Scientists have identified a huge magma plume under the Galapagos archipelago using an array of floating robotic seismometers. In other news, the acronym writers have been working overtime. The robotic seismometers used in study have been named Mobile Earthquake Recording in Marine Areas by Independent Divers, or MERMAIDS.
The EuerkaAlert! reports: The researchers, from institutions in the United States, France, Ecuador and China, found that the volcanoes on Galápagos are fed by a source 1,200 miles (1,900 km) deep, via a narrow conduit that is bringing hot rock to the surface.
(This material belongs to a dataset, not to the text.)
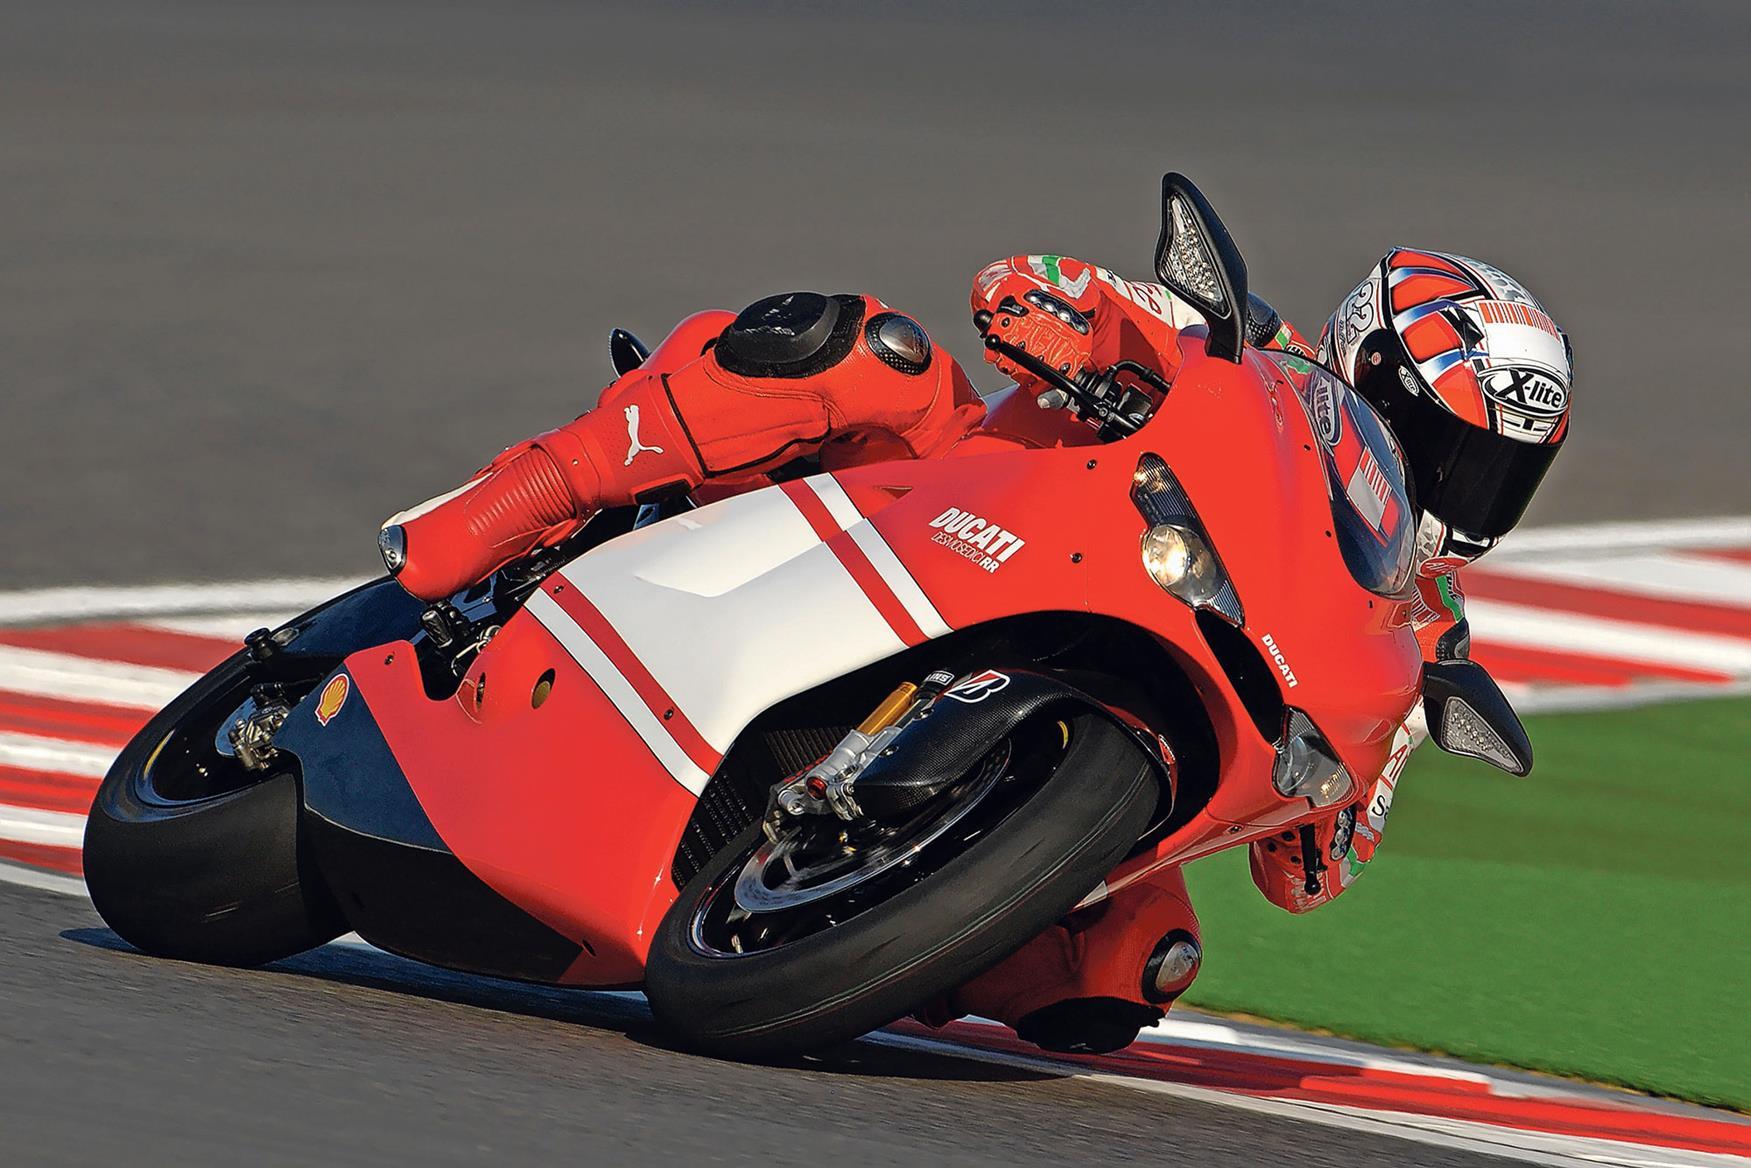 Ducati launch the Desmosedici D16 RR

Such “mantle plumes” were first proposed in 1971 by one of the fathers of plate tectonics, Princeton geophysicist W. Jason Morgan, but they have resisted attempts at detailed seismic imaging because they are found in the oceans, rarely near any seismic stations.
MERMAIDs drift passively, normally at a depth of 1,500 meters — about a mile below the sea surface — moving 2-3 miles per day. When one detects a possible incoming earthquake, it rises to the surface, usually within 95 minutes, to determine its position with GPS and transmit the seismic data.
By letting their nine robots float freely for two years, the scientists created an artificial network of oceanic seismometers that could fill in one of the blank areas on the global geologic map, where otherwise no seismic information is available.
The plume discovered under the Galapagos is the first major discovery accomplished using free-floating seismometers or as they are called, MERMAIDS.
The Galápagos Islands are a volcanic archipelago in the Pacific Ocean, about 600 miles (1,000 kilometers) off the coast of Ecuador.